Id. at 277 (citation omitted).

9                        Gallion requires the trial court to explain the “linkage” between the sentence and the sentencing objectives.  Gallion, 270 Wis. 2d 535, ¶46.  Although Gallion did not change the standard of review, “appellate courts are required to more closely scrutinize the record to ensure that ‘discretion was in fact exercised and the basis of that exercise of discretion [is] set forth.’”  Id., ¶76 (quoting McCleary, 49 Wis. 2d at 277).

10                        On appeal, Caravella renews his postconviction arguments that the circuit court failed to articulate adequately the reasons for the sentences imposed and for ordering the sentences to run concurrently.  He argues in particular that Gallion requires a more detailed and nuanced sentencing analysis than that displayed in the sentencing transcript.

11                        Although the Gallion standard affirming the need for specific sentencing remarks technically does not apply to this case,[2] we are satisfied that the circuit court’s sentencing remarks nonetheless meet that standard.  The circuit court discussed the main McCleary factors and applied them to the facts of this case.  The court clearly considered the serious consequences of Caravella’s decision to drive while impaired as the most significant factor in imposing lengthy and consecutive sentences.  It noted that Caravella was a young man with a “complexity of … needs,” who had nonetheless accepted responsibility for his actions and appeared truly remorseful.  The circuit court indicated that it was Caravella’s acceptance of responsibility that moved it away from imposing maximum sentences.  It noted, however, that the interests of the community – and the need to send the community the message that drunk driving would not be tolerated – required lengthy sentences.  The circuit court imposed consecutive sentences because, even though Caravella’s act of driving recklessly while drunk was a single act, it nonetheless resulted in the tragic deaths of three people.  Thus, the circuit court gave the required explanation “for the general range of the sentence imposed.  See Gallion, 270 Wis. 2d 535, ¶49.  Even though this court might have imposed different sentences in this instance, we may not substitute our judgment for that of the trial court.  See id., ¶18.

            By the Court.—Judgment and order affirmed.

            This opinion will not be published.  See Wis.
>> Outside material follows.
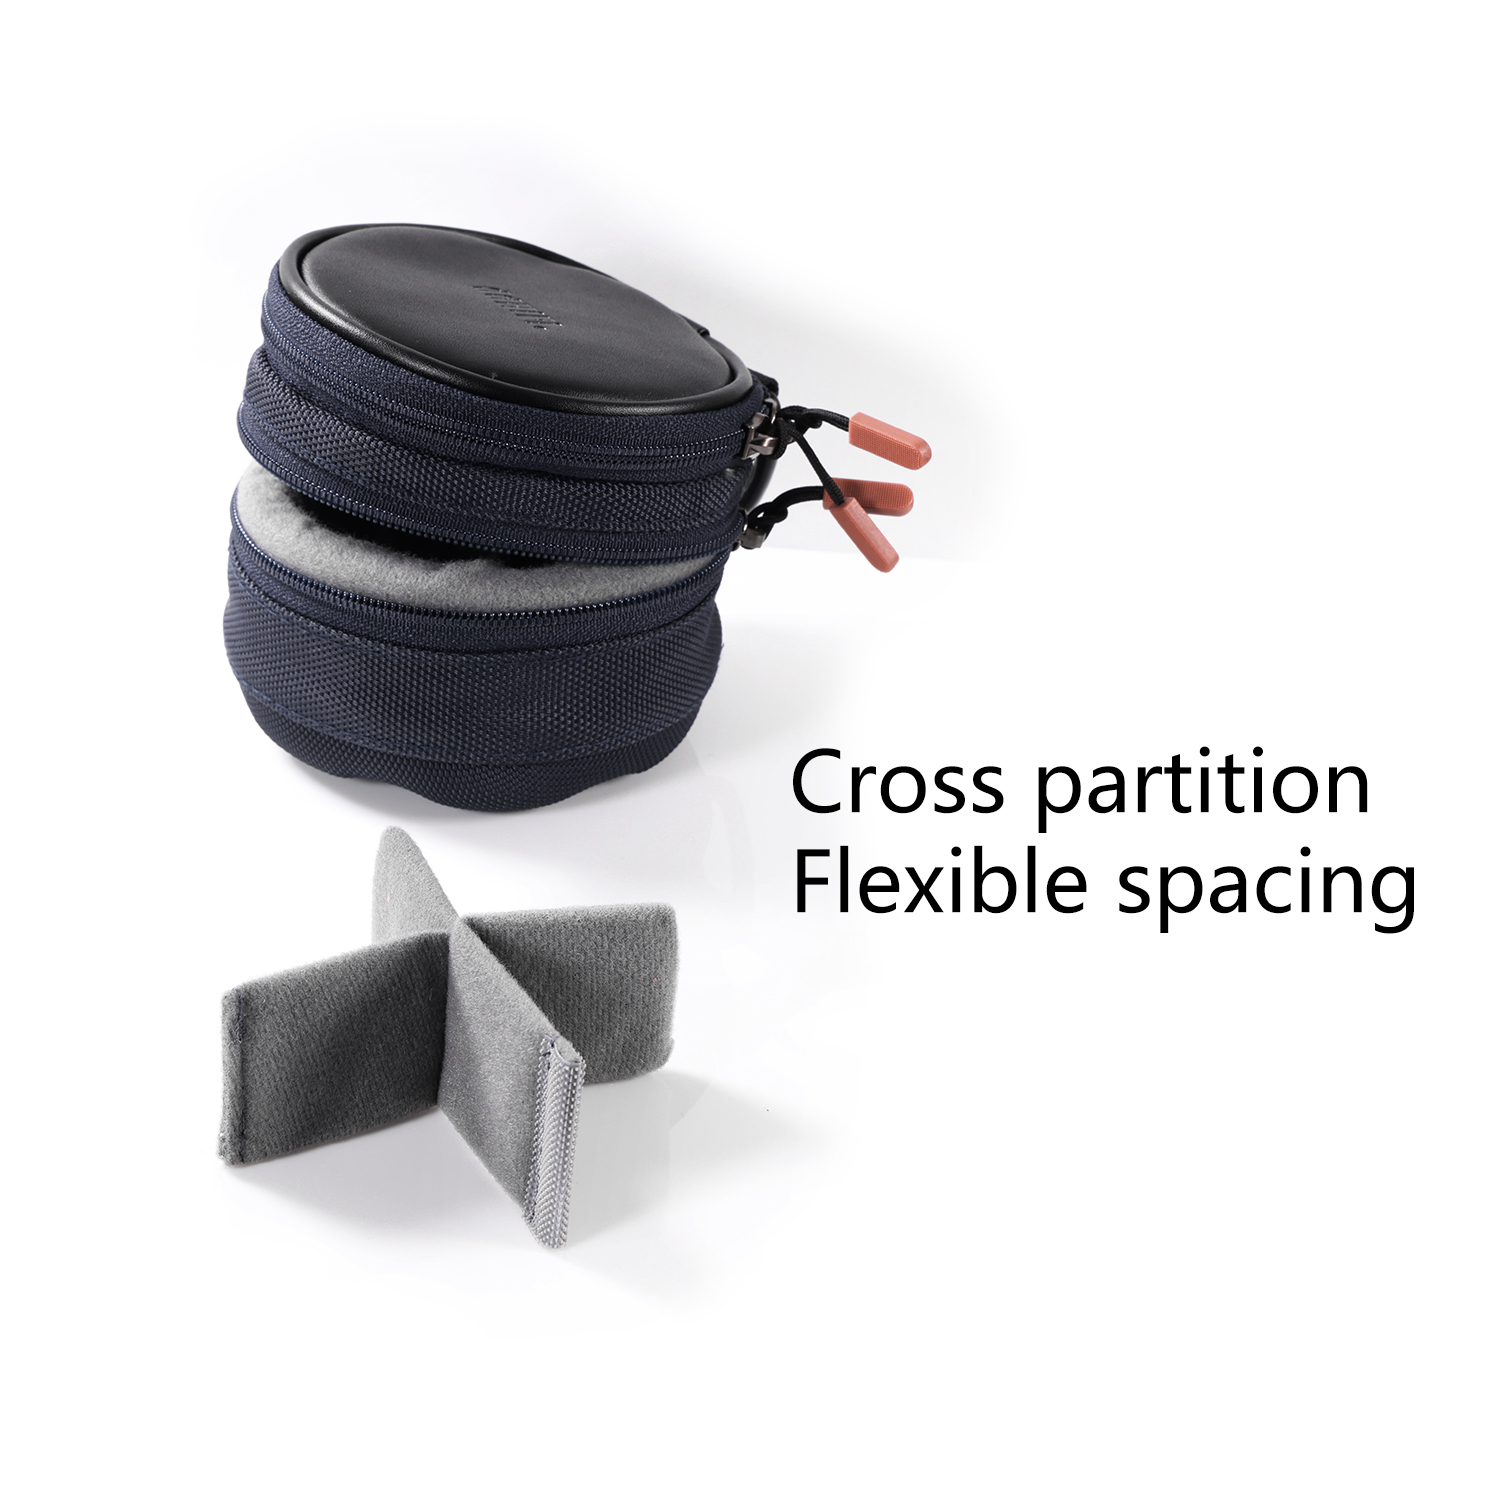 DD ddHiFi C100 cross partition flexible spacing
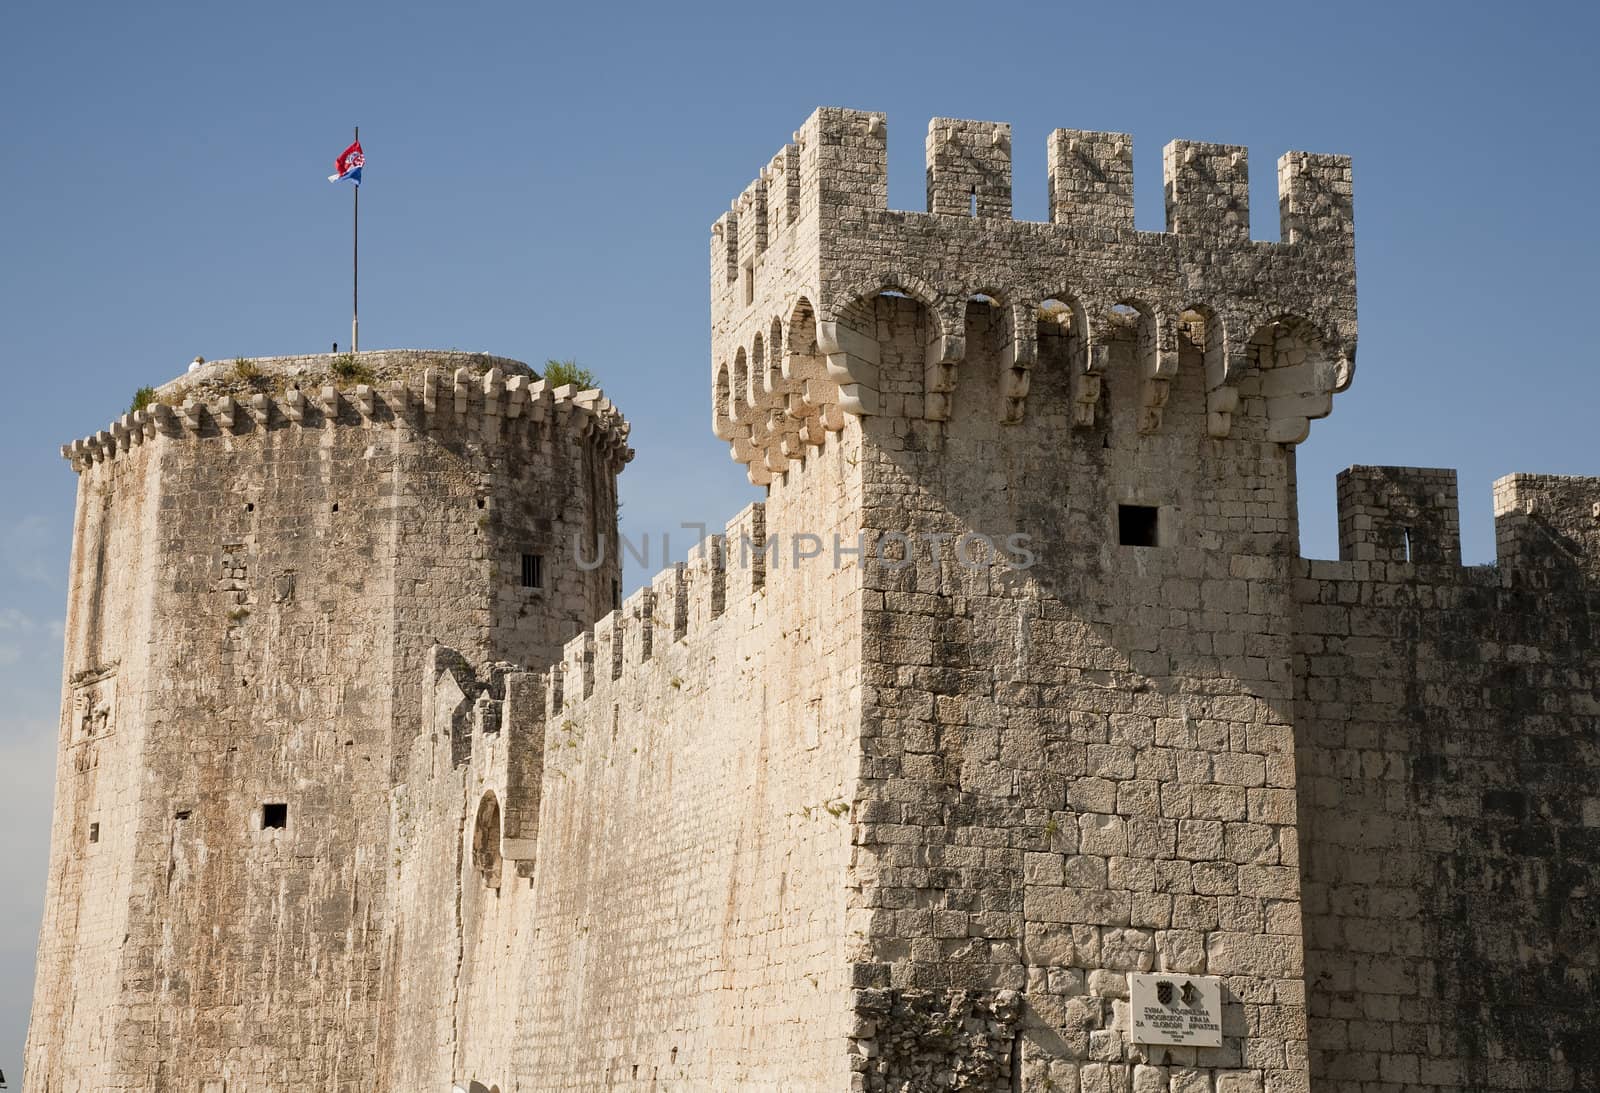 Ancient castle of Trogir, Croatia by the Adriatic Sea. UNESCO World Heritage.

Stat. Rule 809.23(1)(b)5.


 



[1]  See State v. Stenzel, 2004 WI App 181, ¶9, 276 Wis. 2d 224, 688 N.W.2d 20 (“while Gallion revitalizes sentencing jurisprudence, it does not make any momentous changes”).

[2]  Caravella was sentenced prior to the release of State v. Gallion, 2004 WI 42, 270 Wis. 2d 535, 678 N.W.2d 197.  The supreme court indicated that Gallion applied to future cases only.  Id., ¶8.